[Babase] WeatherHawk design review

Niki Learn nlearn at princeton.edu
Thu Jul 2 17:31:12 EDT 2009


Karl et al.,

Looks mostly good to me.  A few questions/thoughts/answers:

Does anybody know why there is rain data to start off with in April 2004?
Did we input year-to-date data based on our manual rain measurements or is
this another case of pre-existing data showing up when a unit was first
deployed (as happened with the rain data in the new unit)?  The amount of
yearly rain it starts off with seems reasonable given the amount of rain to
that point of time in later years (not counting this year...) but I'm just
checking.

On the rain decimal thing:  The only decimals I am seeing in any rain
columns are for 17/04/2005 and for 01/05/2005 - 19/06/2005, all of which I
have flagged in orange in my Excel sheet because the data in several
columns, including DayRain, HourRain, and MonthRain are inconsistent with
the data for the adjacent days and with the total annual rain column -
really, really inconsistent.  And the decimals are weird things like .01,
not .5.  Not sure what happened but some readings are definitely screwy on
those days (and monthly rain is too through the end of June 2005 since it
kept the screwball number from earlier in the month).  Also, as I understand
it the rain gauge only reads rain in whole mm and does not in fact take a
reading if there is less than 1 mm of rain, a situation which has led us to
wonder how much the weatherhawk is underestimating the amount of rain due to
evaporation of small amounts of rain between rain events.  Therefore there
should not be decimals for rain measurements in any case.

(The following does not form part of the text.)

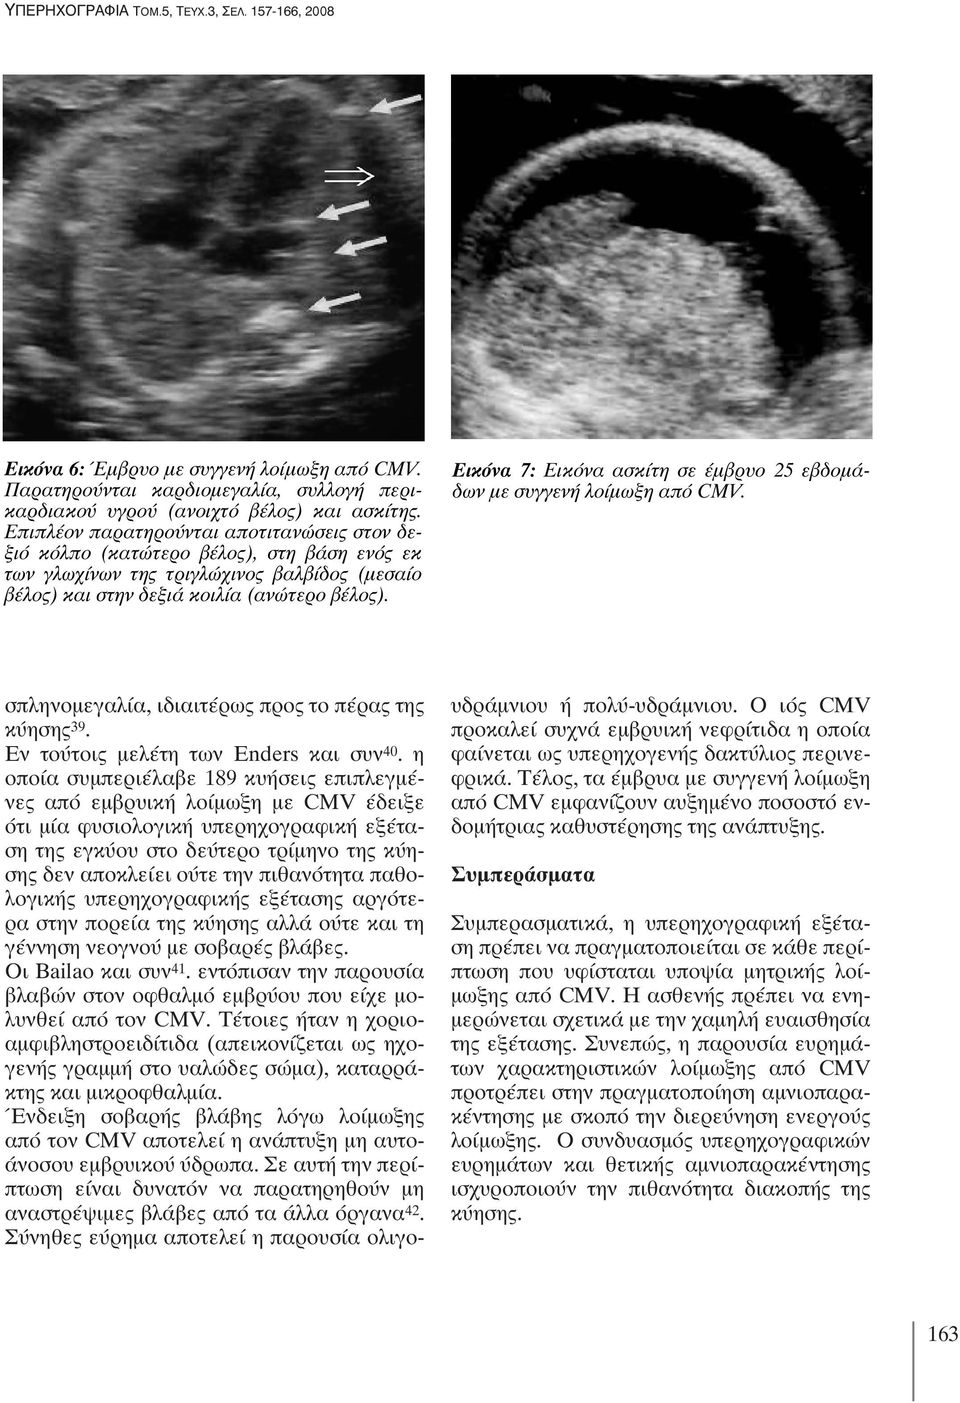 Εικόνα 7: Εικόνα ασκίτη σε έμβρυο 25 εβδομάδων με συγγενή λοίμωξη από CMV. σπληνομεγαλία, ιδιαιτέρως προς το πέρας της κύησης 39. Εν τούτοις μελέτη των Enders και συν 40.

There was no data provided for 2300 on 2005-07-02 - that row should be
deleted.  I was not aware of duplicate date/times occurring.  A quick look
at t29/05/2009 shows me identical data for the two dates.  I will verify
that the others are like the same and then we can delete the extra rows.
Problem solved.

I don't mind getting rid of columns that we don't even know what mean...  We
can still keep the data outside of babase in case we someday figure out what
it means and think it is useful.  Thoughts anyone?
 


Questions/comments on the whawks documentation page:

At the top: "This table is not yet implimented."  This should be
implemented.

I don't know what you mean by this: "The WeatherHawk data dump encodes this
value in two separate places."  Where's the other place besides in the time
column?

On YearRain: "The amount of rain since 12AM January 1st[133] in
millimeters."  Crazy question - wouldn't rain measured at 12am on January
1st actually be the last hour of rain for the previous year since the rain
would have been collected between 11pm and 12am?  Not sure if that's worth
bothering with, especially since the weatherhawk counts it as a January 1st
measurement (though really, at least for rain, it should belong with the day
before).  Feel free to tell me to stop overanalyzing...

Are we sure EV and ET are the same thing?

On Heat_lx_in: "The WeatherHawk data dump names this column "Heat Lx In"."
It's actually Ix - I and l look practically the same in Excel but the I is
shorter - I checked and it is definitely an I.  Ix is probably short for
index but I don't know what these "in" measurements are supposed to mean...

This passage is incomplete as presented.